The death of 25,000 bumblebees in Wilsonville, Oregon, can be read as a sure sign of things to come if we don’t all pitch in to help save the bee population.
Here are ways you can help protect bees, and, in turn, our global food supply.
1. Stop using chemical pesticides.
There are many reasons to avoid the use of chemicals in your lawn and garden. By killing off insects deemed pests, you also endanger the helpful predators on your lawn, such as ladybugs and lacewings, and the birds that will happily eat your “pesky” bugs for you. Chemical pesticides are one of the major reasons for the decline in the bee population, and without bees, who’s going to pollinate your plants? Are you planning on manually completing this task? When bees come through your yard, they are providing a free gardening service. Think of it as a work safety issue – don’t poison your labor (the birds, the bees, and their friends).
Also, if you are growing a fruit or vegetable garden, do you really want to ingest chemicals designed to kill living things?
2. Provide habitats for bees.
When looking for information on how to encourage bumblebees in our garden, I found an article with that very same title.
Apparently, my overworked husband and I have been doing the right thing already without even trying. According to the author, “[W]hat do you do if you want bumblebees in your garden? You need to provide three types of habitat — foraging, nesting, and hibernating. […T]he easiest solution is just to leave some areas of your yard completely alone to grow into native plants and provide a natural nesting and hibernating ground.”
So great news, you don’t have to do anything to help with this part! Just let your lawn do what it wants. Job #2: Done, my friends.
And honestly, which is prettier:
(Picture taken from article entitled “Lawn Mower Injuries a Growing Problem“: “More than 200,000 adults (and some 17,000 children) were treated for lawn mower injuries [in 2010] – a 3 percent increase over 2009 numbers.” Ick!)
Or a yard full of this:
3. Get involved.
The other major threat to bees is lack of corporate accountability. Even Russia recognizes the dangers of Genetically Modified Organisms (GMOs), and scientists globally have acknowledged the danger of GMO crops for bees and human consumption. Considering all that energy you have saved by not spraying your lawn with pesticides and not having to mow it, take a minute to write your local government representatives about your concern for the environment. Heck, don’t even bother typing anything more than CTRL+C to copy this content and CTRL+V to paste it into an email. Sign your name at the bottom of the letter if you really want to put some effort into the cause.

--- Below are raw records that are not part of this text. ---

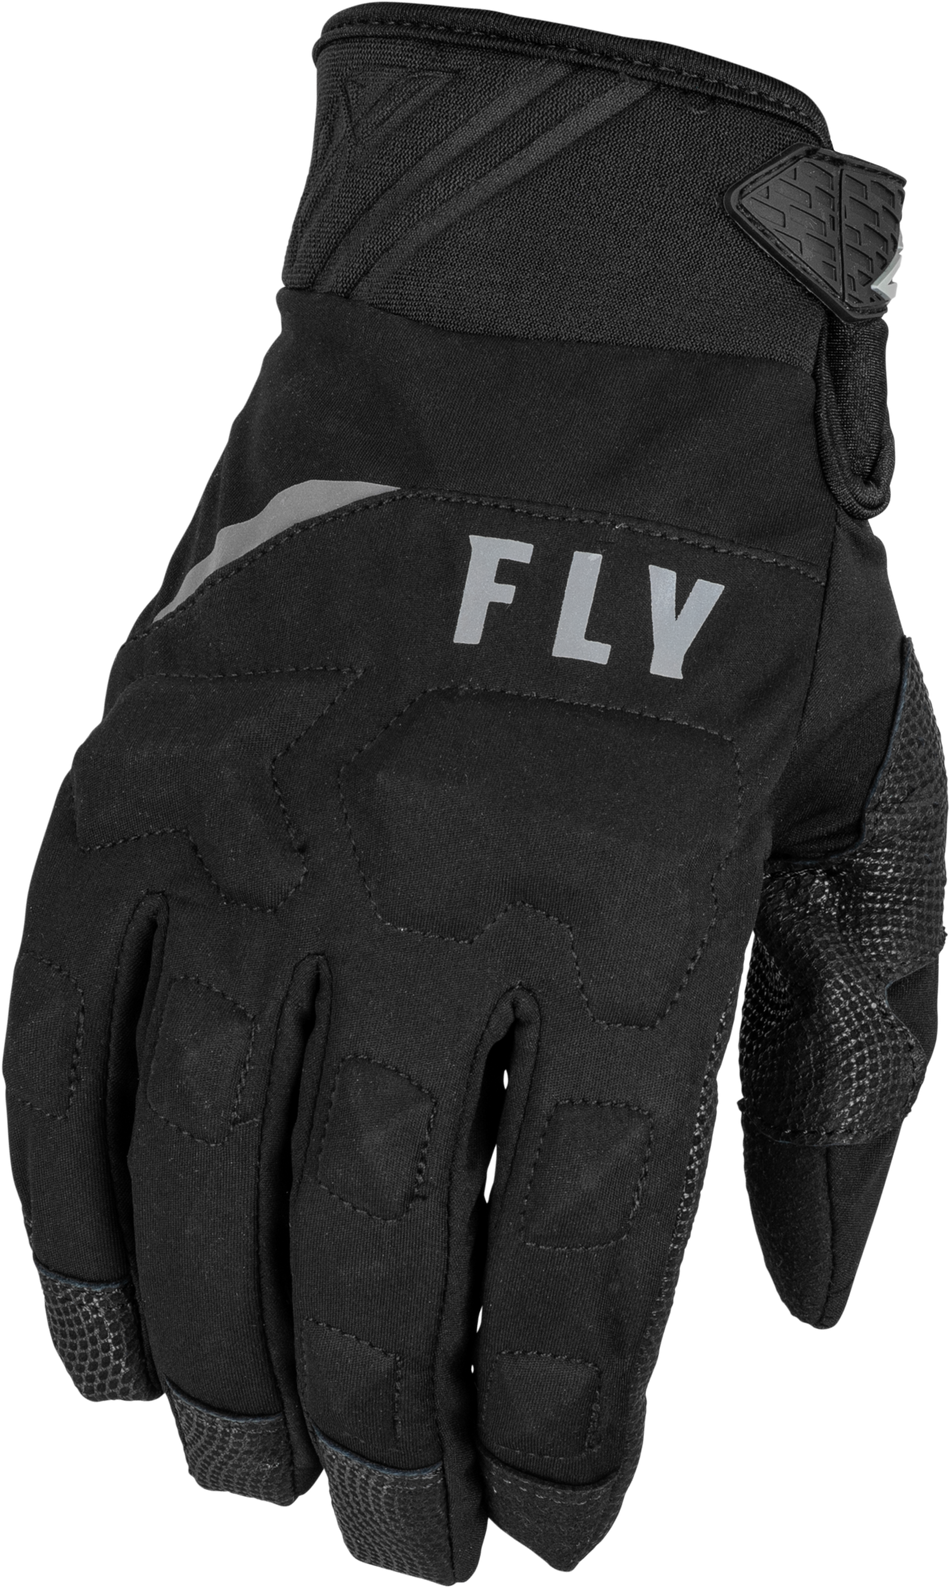 FLY RACING Boundary Gloves Black Md 371-0700M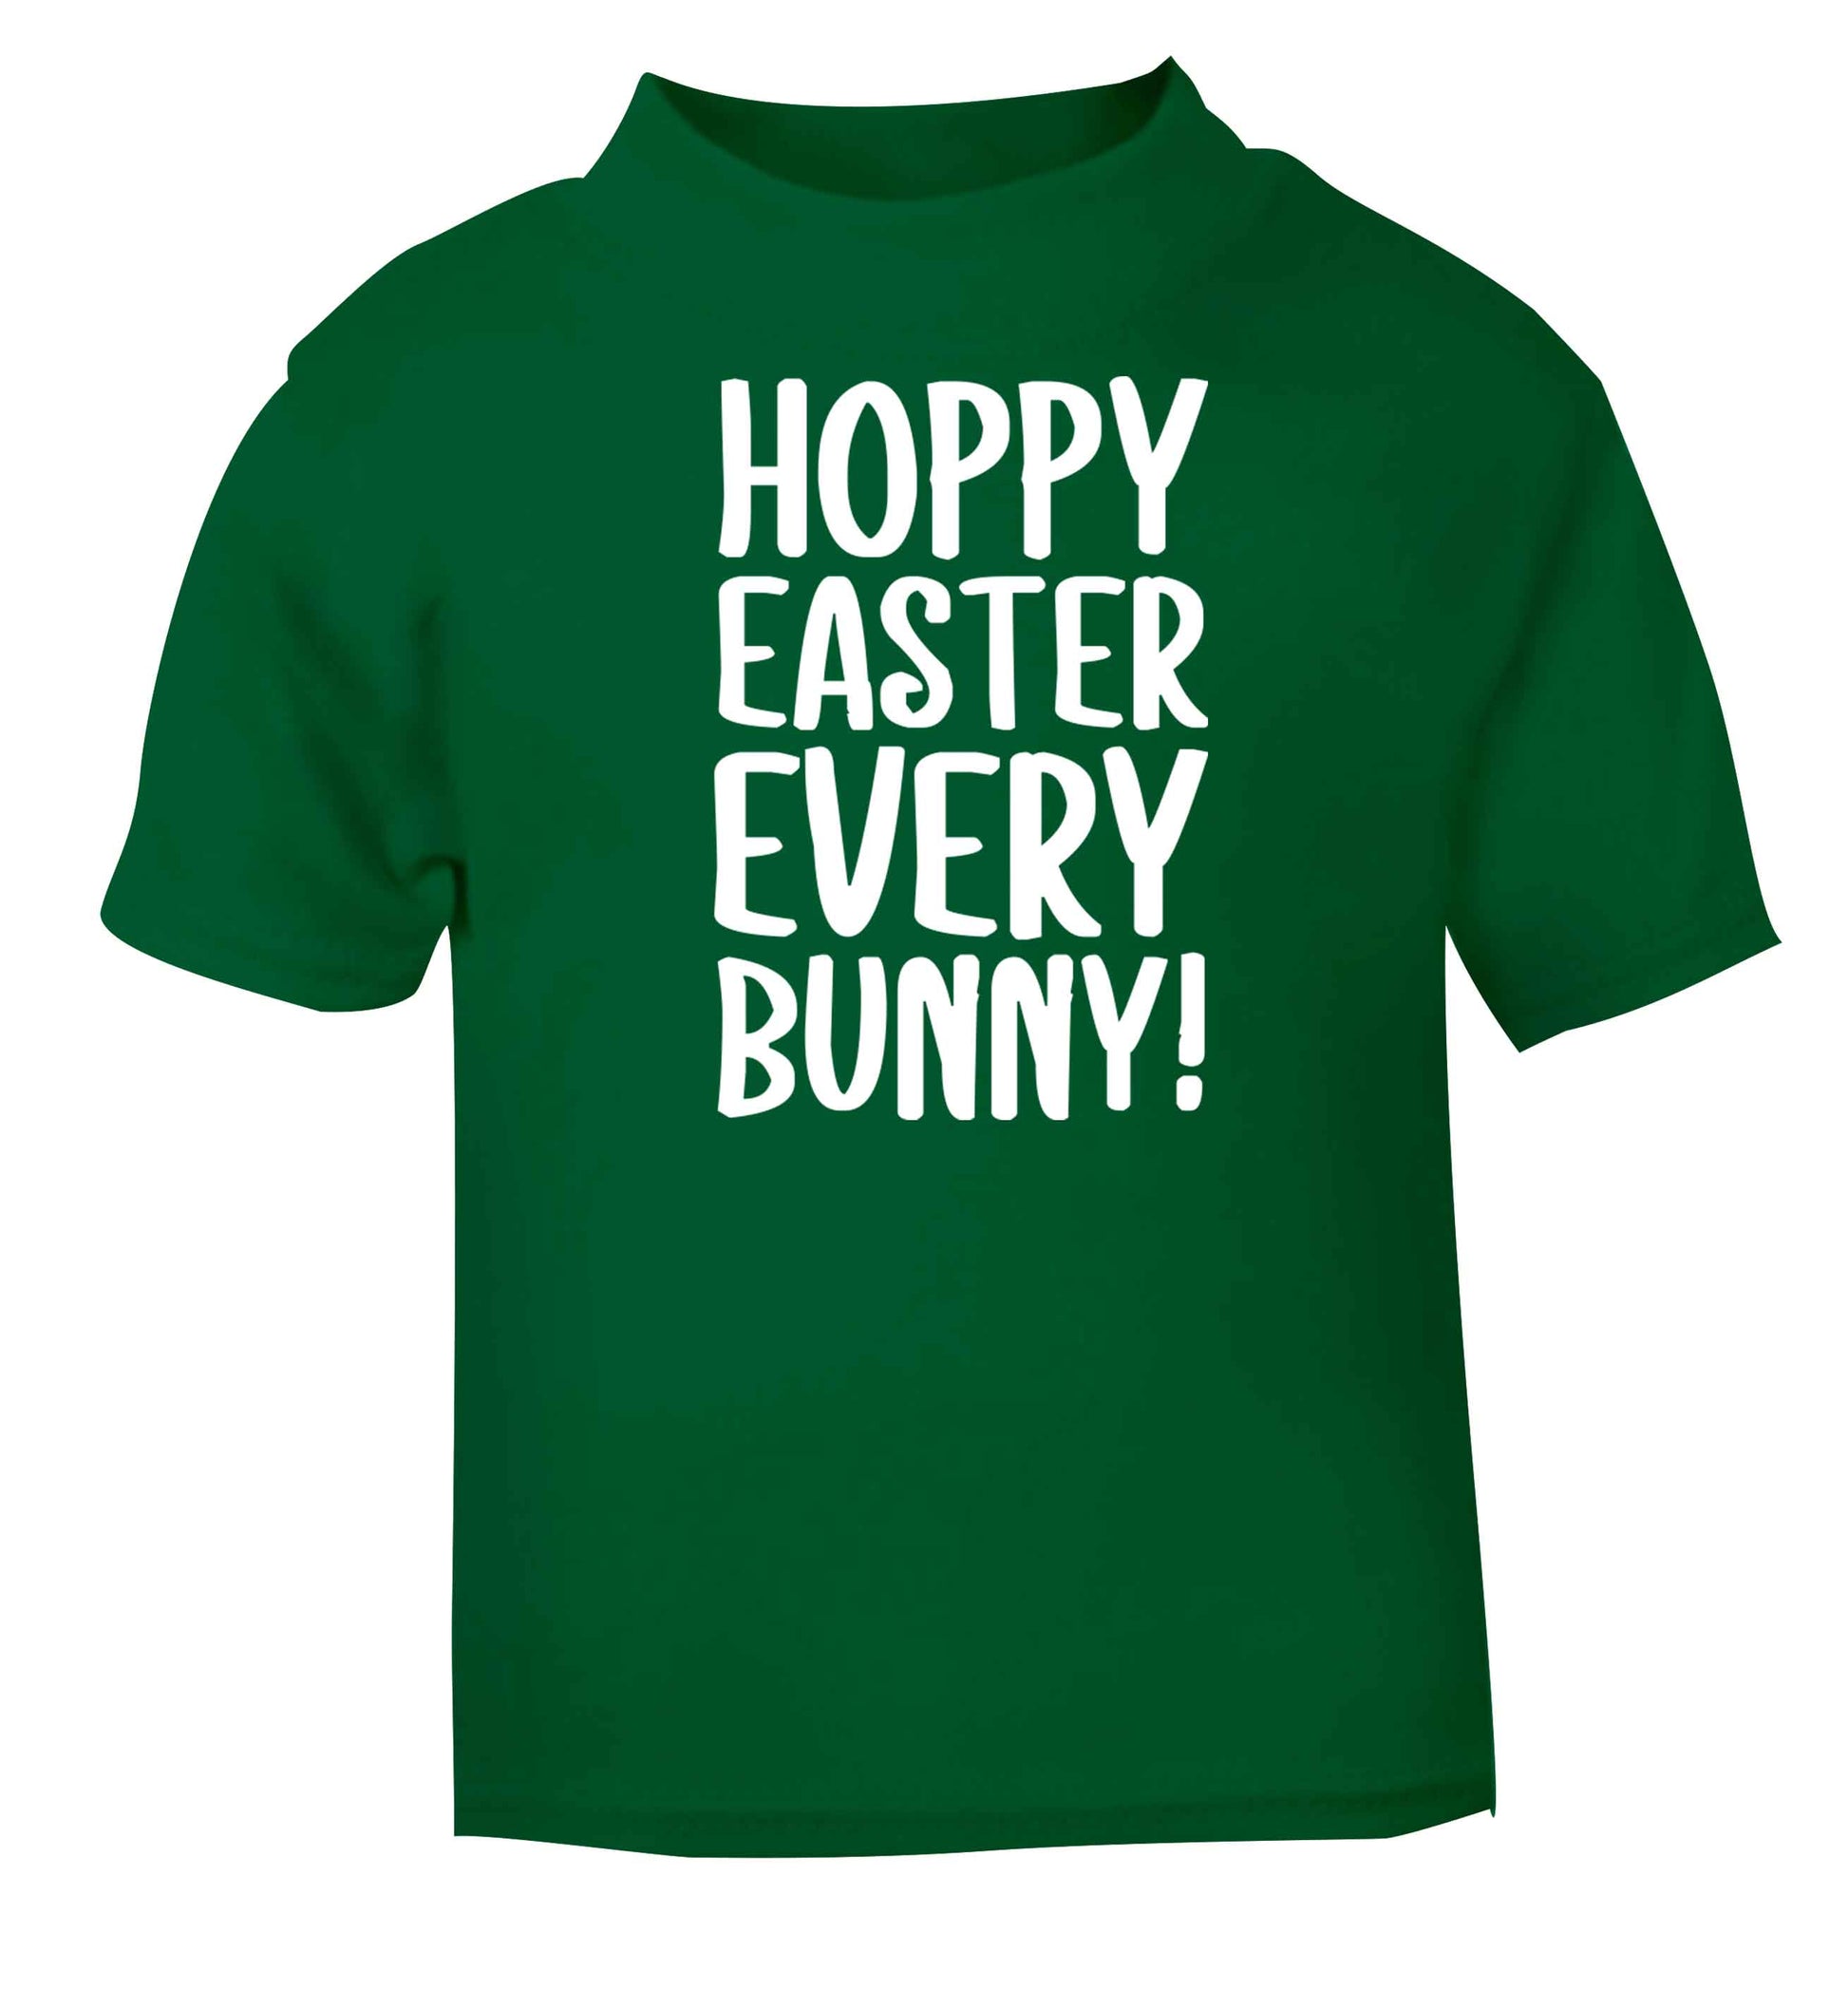 Hoppy Easter every bunny! green baby toddler Tshirt 2 Years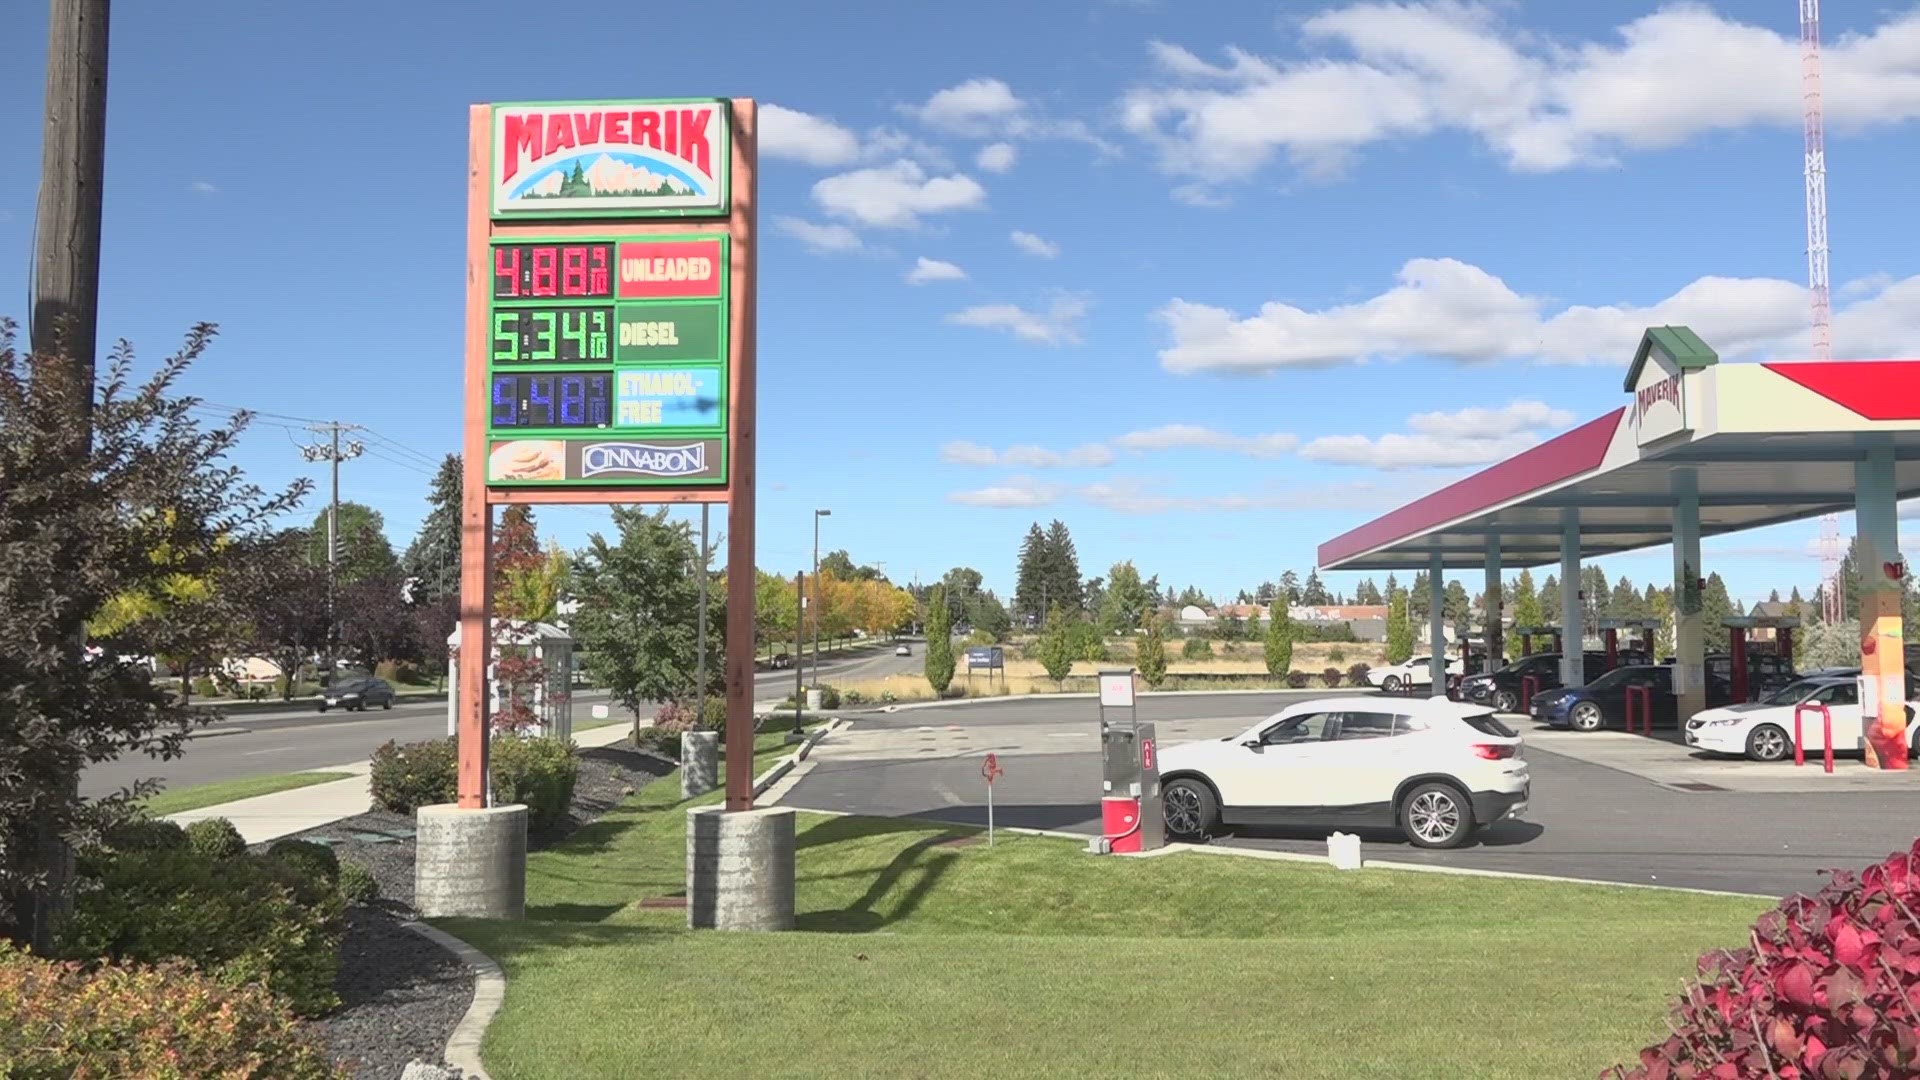 Gas analysts said Washington drivers should be prepared to potentially spend a bit more at the pump over the next few days.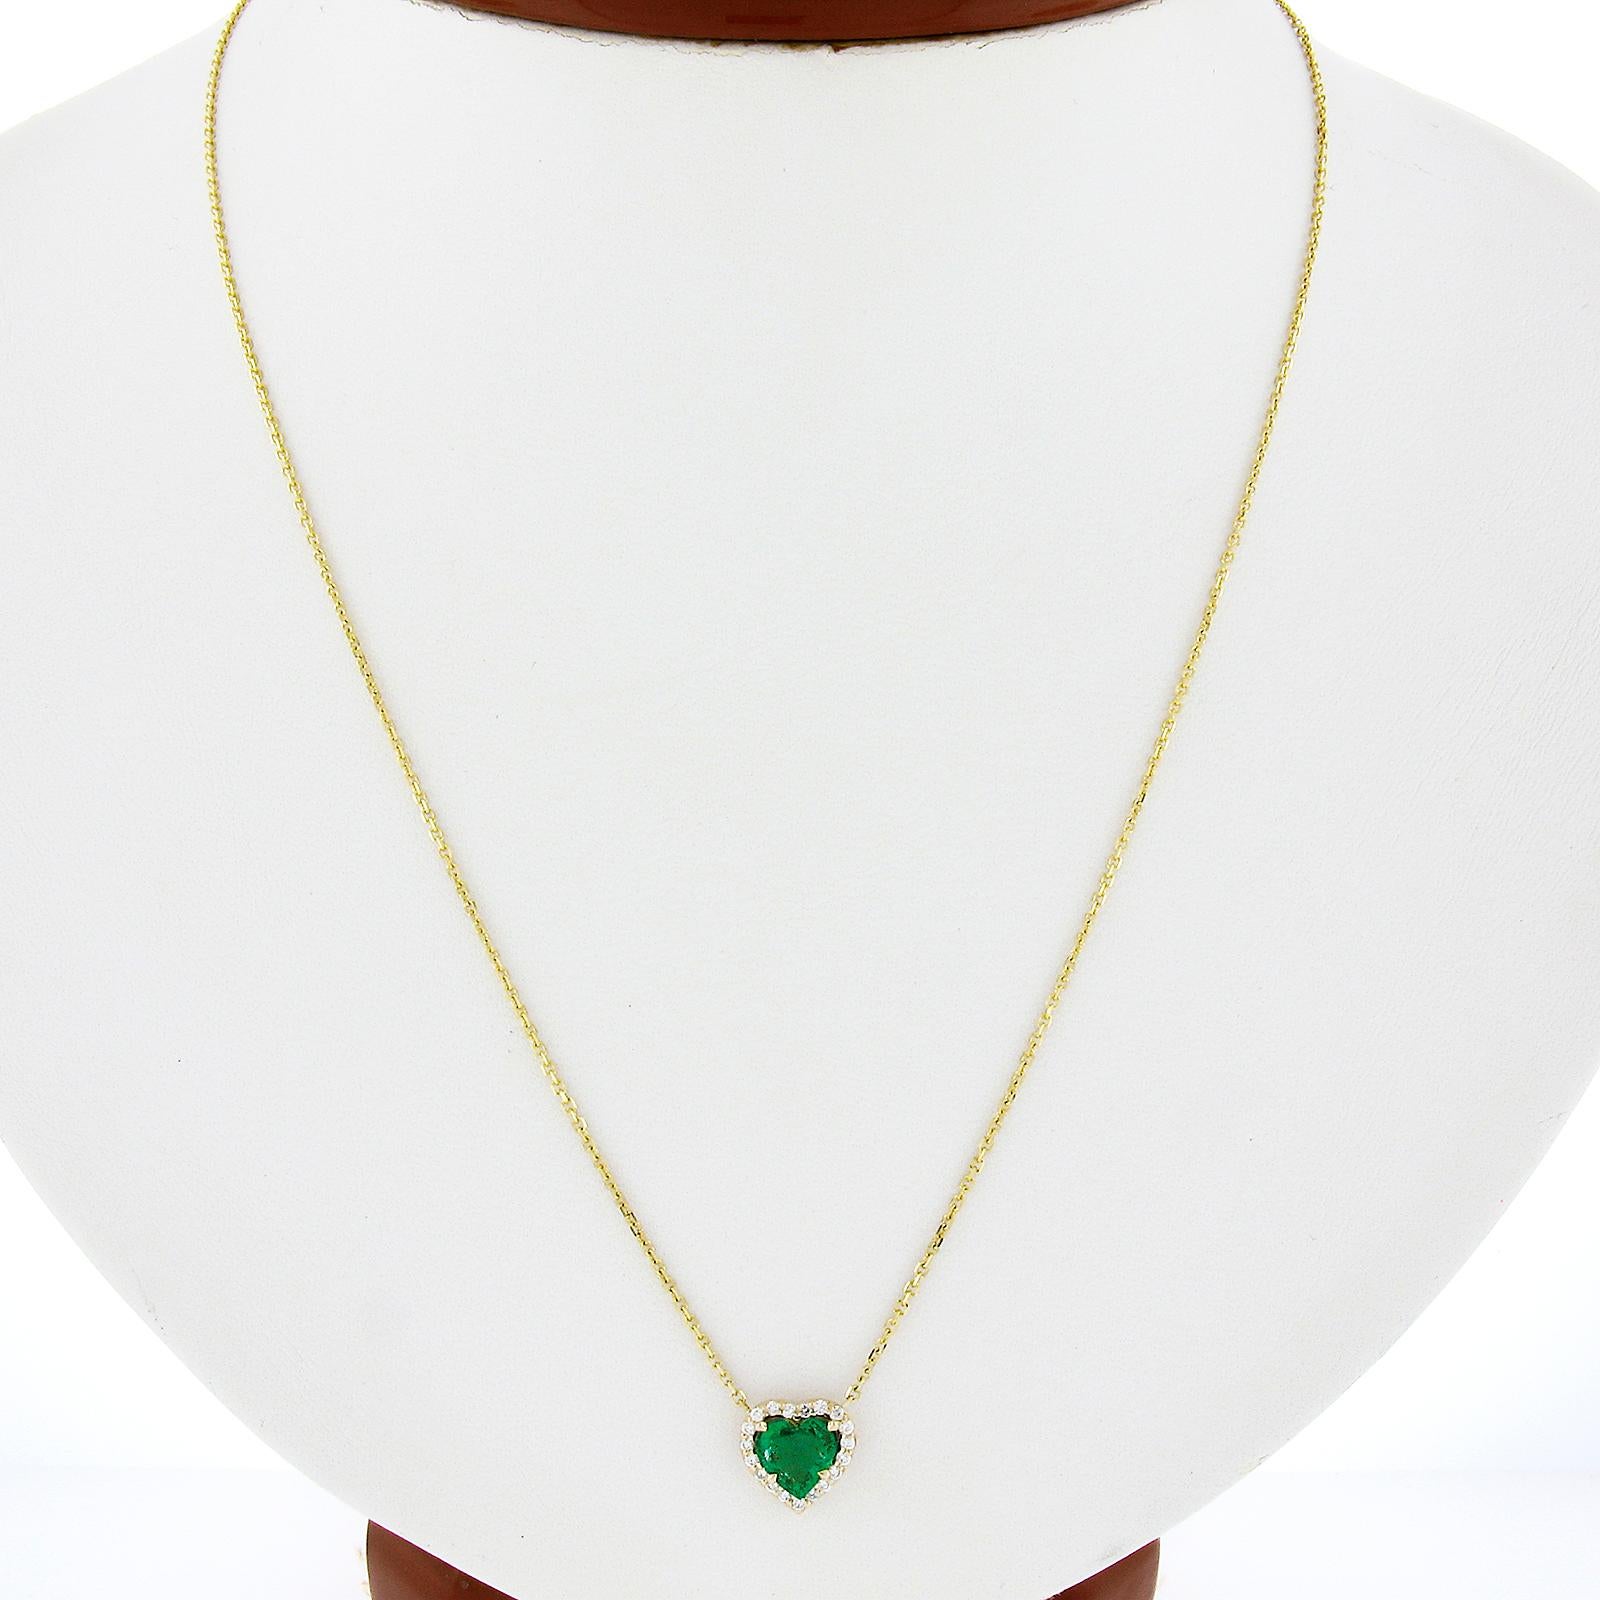 This brand new pendant necklace is crafted in solid 14k yellow gold and features an outstanding emerald gemstone that sits at the center of a brilliant diamond halo. This gorgeous emerald has an exceptional heart brilliant cut with a super

“Dear Representative/ Senator/ President/ [Insult Deleted] Exec at Monsanto,
I am concerned about the negative impact that Monsanto’s GMO crops have had on the global bee population and will have on the human population as a result. Much scientific research has pointed to the fact that GMOs are bad for the environment, and many European countries have already taken steps to eliminate this threat for their own populations. The fact that our nation has not yet taken steps to ban these crops, let alone label them, coupled with the ethical concerns about the profiteering by US politicians who have protected Monsanto’s investments, should not be taken lightly. I urge you to help protect our environment. Protect our bees, and protect us.
A Concerned Citizen,
[Your Name Here]”
Here is Monsanto’s contact information, although it is probably more useful to contact legislators.
For example, you can send your thanks to Senator Jeff Merkley from Oregon for working to overturn the Monsanto Protection Act. Here is his contact information. I even wrote a letter you can send to him just by copying and pasting:
“Dear Senator Merkley,
Regarding your actions on the Monsanto Protection Act:
A Concerned Citizen”
4. Stop singing the “Bumblebee Song.”
Our toddler has been coming home from her Christian daycare for the last several weeks doing what I thought was an awkward attempt at prayer. (As agnostics, you can imagine our concern.) However, walking into her daycare the other day, I realized it’s much worse: she’s been trying to emulate the squishing motion of the song, “Baby Bumblebee”.
It’s a song about the innocent slaughter of a baby. A baby bumblebee. The song promotes MURDER!
Obviously censorship might be one step over the line. My point is we have a responsibility to the younger generation to teach them compassion and respect for our environment. I admit, I am intensely afraid of many kinds of bugs, but I am working to change my initial knee-jerk reaction to spiders (KILL IT WITH FIRE!) into the thoughtful act of ushering them outside (if I’m home by myself, otherwise, it’s someone else’s duty).
We need to teach our kids about the vast inter-connections of the ecosystem. It’s not a task we should leave up to the school system (and apparently not our seemingly innocent and kind daycare director!) because kids are more impacted by what WE teach them outside the classroom. Play outside, explain the important role insects, like bees, play in protecting our environment, and teach children about the long-term dangers of using quick fixes such as pesticides to kill the ones that we consider “nuisances”.
Let’s work together to protect our little buzz-y friends, and they’ll protect us.